REMY[5] Also known as computer-generated congestion control algorithm (computer-generated Congestion-control algorithm), a model of congestion control algorithm is generated by machine learning method. By inputting various parameter models (such as bottleneck link rate, delay, number of senders on bottleneck chain, etc.), using a target function to quantitatively determine the merits and demerits of the algorithm, in the process of generating the algorithm, the Congestion window is adjusted in different ways for different network states, and the adjustment mode is modified repeatedly until the objective function is optimal. Finally, a mapping table is generated for the network state to the regulation mode, and the congestion window can be directly selected from the mapping table according to the specific network environment in the real network.

Remy tries to block the difference of the underlying network environment, and uses a general congestion control algorithm model to deal with different network environments. This approach is more dependent on the input training set (historical network model), if the training set can fully cover all possible network environment and congestion Regulation algorithm, the Remy algorithm can be applied to the real network environment, the performance is very good, but if the real network and Training network difference is large, The performance of the Remy algorithm is relatively poor.

Application Scenario: The network environment is a complex heterogeneous network, hoping that the computer can automatically select the appropriate congestion control mode for different network scenarios, and requires that the existing network model can cover all possible situations.

Summarize

Each congestion control algorithm is born in a certain network environment, suitable for a particular scenario, without a once and for all algorithm. The network environment is becoming more and more complex, and the congestion control algorithm is constantly evolving. This article is not to choose a best algorithm, but simply introduces the design ideas, advantages and disadvantages of several typical algorithms, and the application scenarios, hoping to bring some inspiration to everyone.

Reference papers

[1] s.o L. Brakmo and L. Peterson. TCP vegas:new techniques for congestiondetection and avoidance. In Sigcomm, 1994. Proceedings. 1994 Internationalconference on. ACM, 1994.
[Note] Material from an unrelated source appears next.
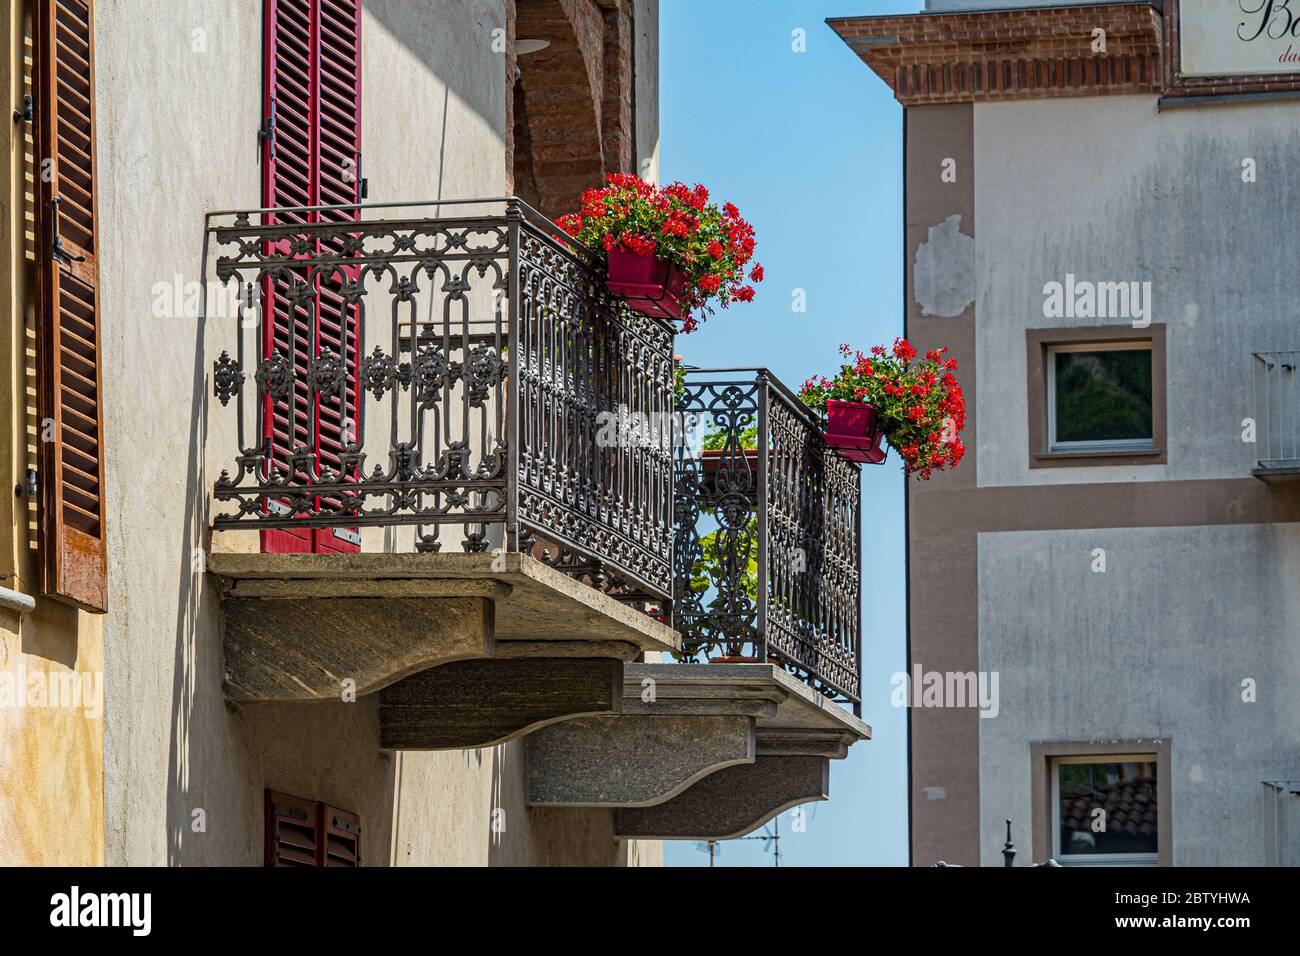 Beautiful old metal balconies with flowers at the front - City of Barolo, Italy, Piedmont Stock Photo

[2] V.jacobson, "congestion avoidance and control," in ACM sigcomm computercommunication Review, vol. 18. ACM, 1988, pp. 314–329.

[3] L. X. I. R. Sangtae Ha. Cubic:a new Tcp-friendlyhigh-speed TCP Variant. In Sigops-osr, July 2008. ACM, 2008.

[4] C.s G. S. H. Neal Cardwell, Yuchung Cheng and V. Jacobson. bbr:congestion-based congestion control. ACM Queue, 14 (5): 20{53, 2016.

[5] K.winstein and H. Balakrishnan. TCP Ex machina:computer-generated Congestion control.in Proceedings of the ACM Sigcomm, 2013.

Discussion on TCP congestion control algorithm

Contact Us

The content source of this page is from Internet, which doesn't represent Alibaba Cloud's opinion; products and services mentioned on that page don't have any relationship with Alibaba Cloud. If the content of the page makes you feel confusing, please write us an email, we will handle the problem within 5 days after receiving your email.

If you find any instances of plagiarism from the community, please send an email to: info-contact@alibabacloud.com and provide relevant evidence. A staff member will contact you within 5 working days.

A Free Trial That Lets You Build Big!

Start building with 50+ products and up to 12 months usage for Elastic Compute Service

  • Sales Support

    1 on 1 presale consultation

  • After-Sales Support

    24/7 Technical Support 6 Free Tickets per Quarter Faster Response

  • Alibaba Cloud offers highly flexible support services tailored to meet your exact needs.